Records for this exercise —
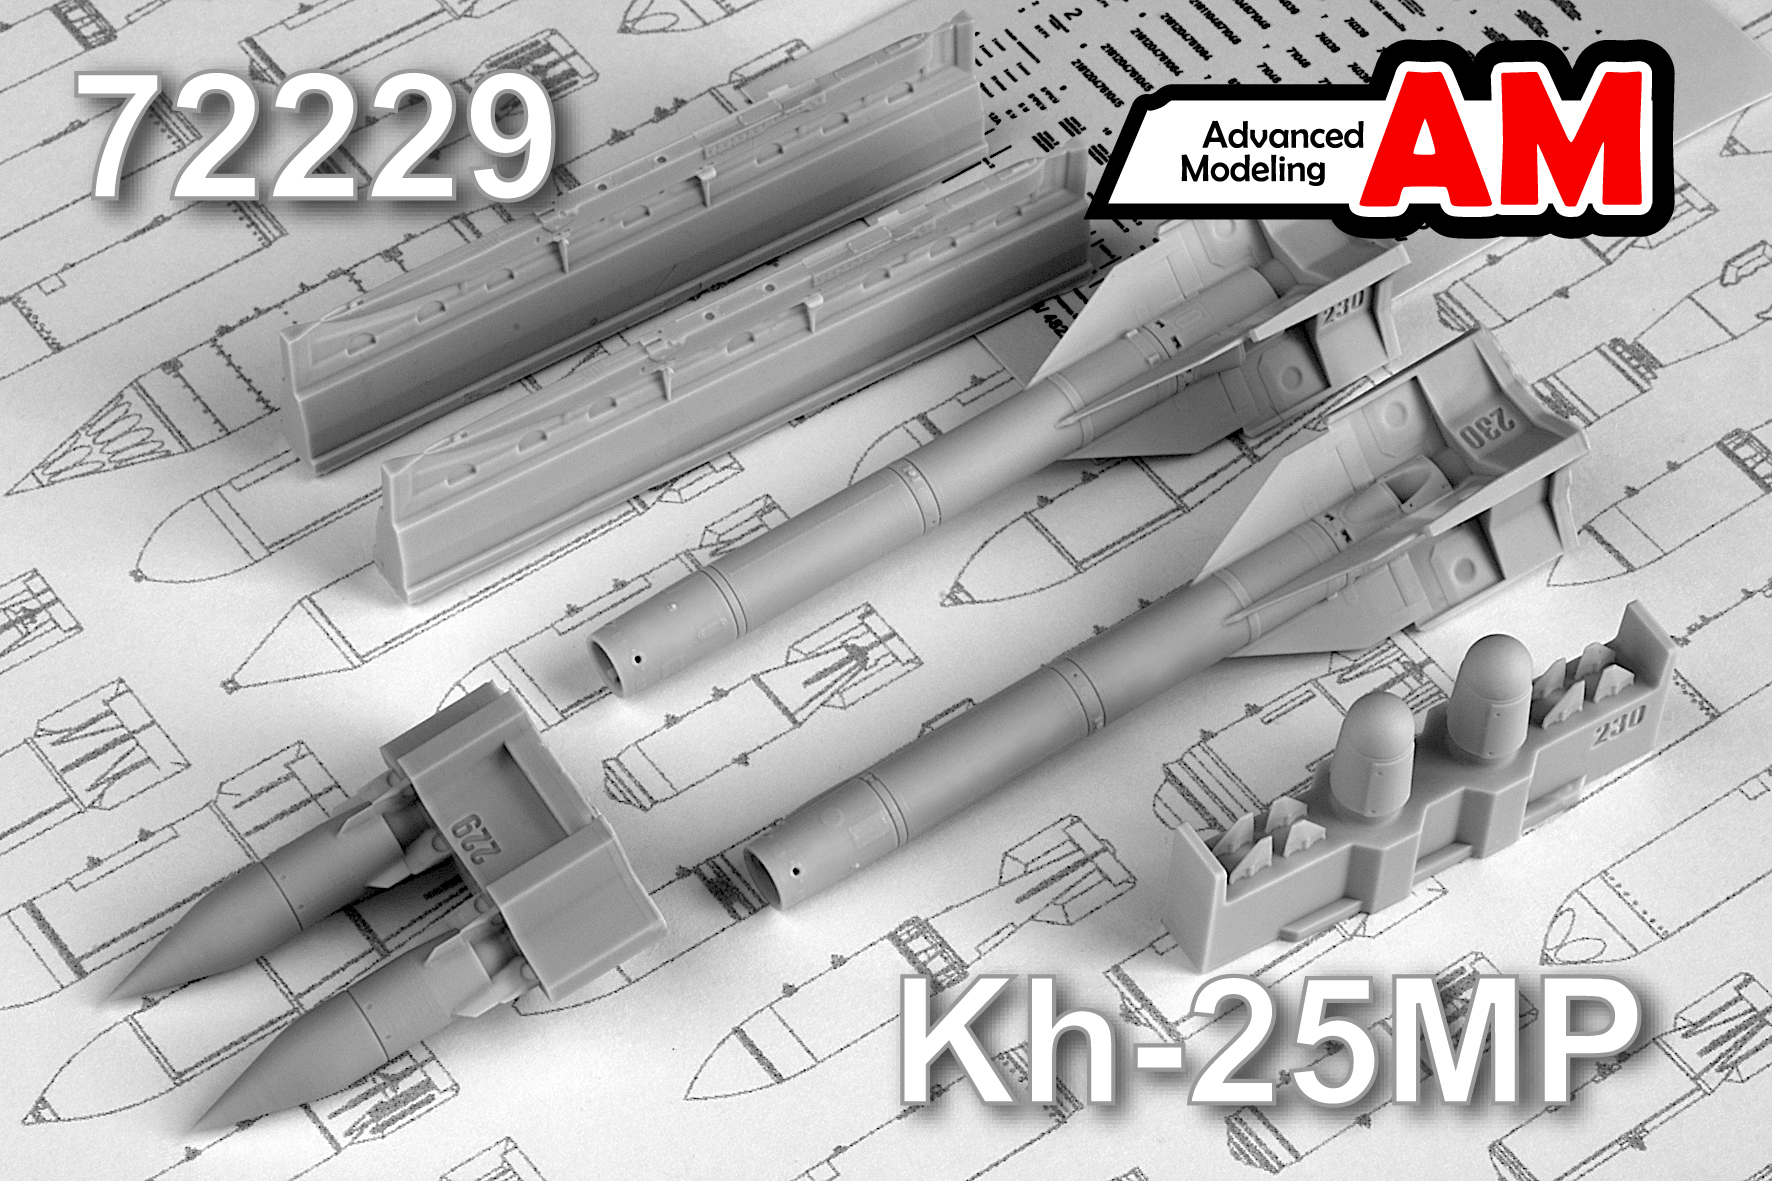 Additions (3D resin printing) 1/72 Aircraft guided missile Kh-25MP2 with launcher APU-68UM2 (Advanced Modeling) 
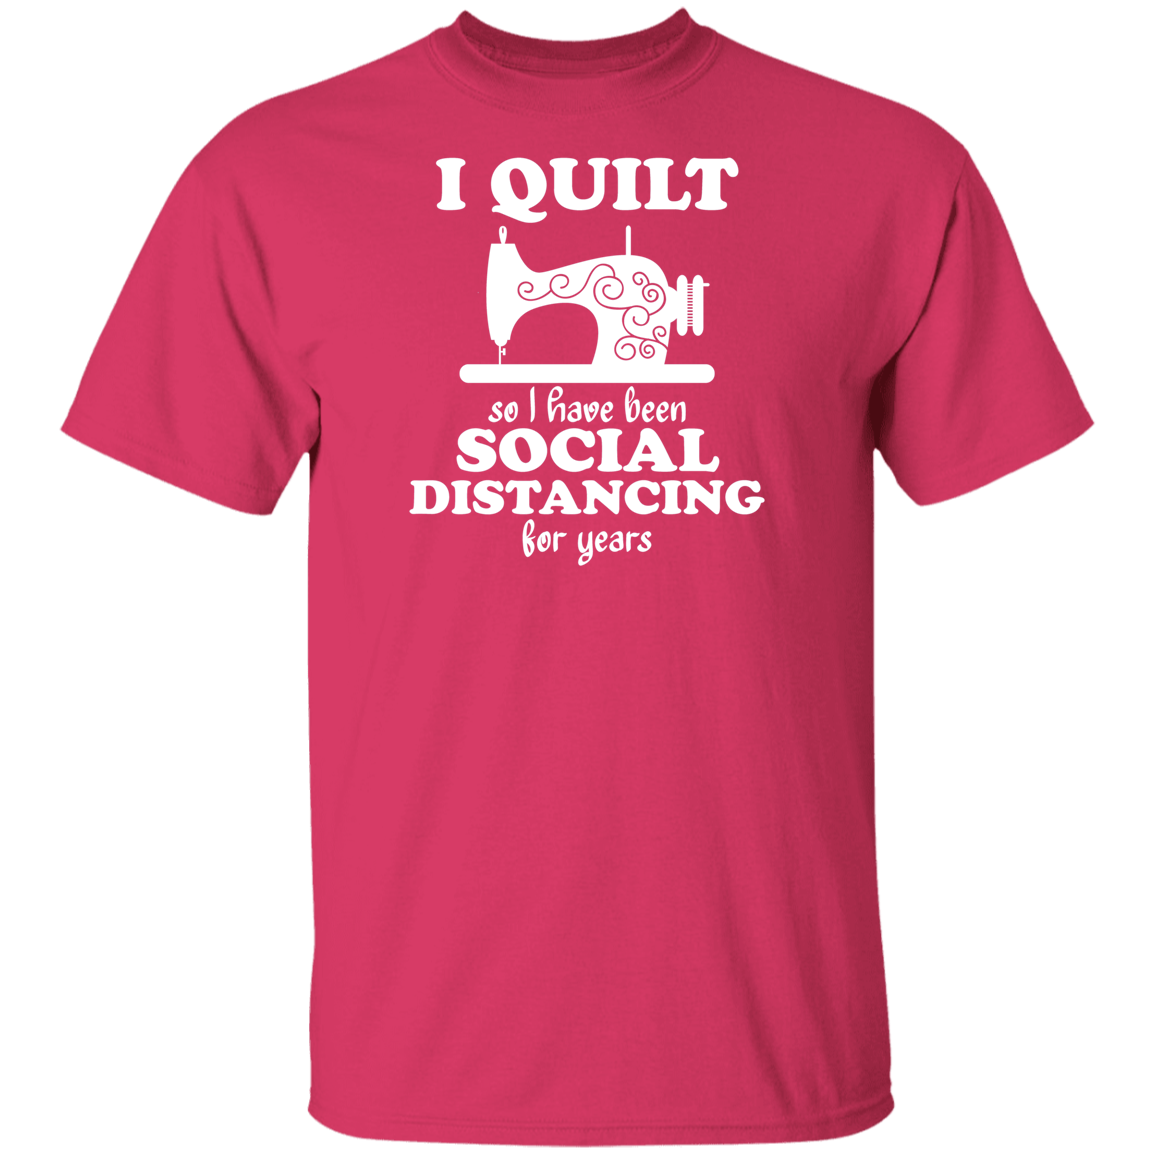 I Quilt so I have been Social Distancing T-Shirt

--

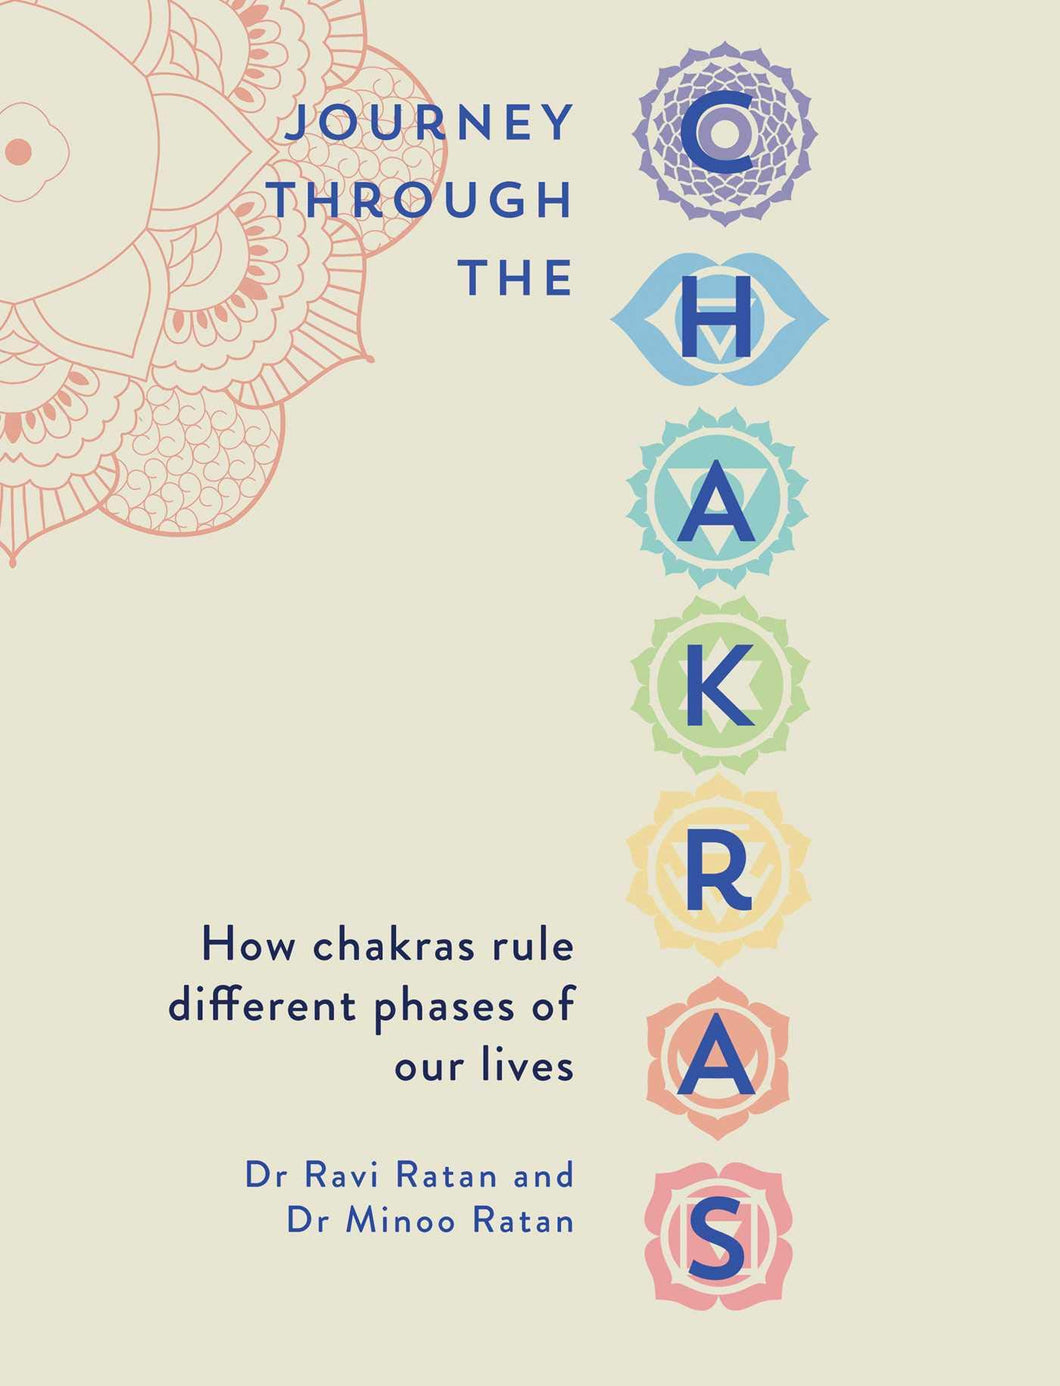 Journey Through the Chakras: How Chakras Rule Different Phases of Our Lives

Task description —
From the records above, copy exactly the lines starting at the one with "Additions (3D resin" and ending at the one with "I Quilt so I", and no others. Pictures stay out.

Your response —
 Additions (3D resin printing) 1/72 Aircraft guided missile Kh-25MP2 with launcher APU-68UM2 (Advanced Modeling) 
 I Quilt so I have been Social Distancing T-Shirt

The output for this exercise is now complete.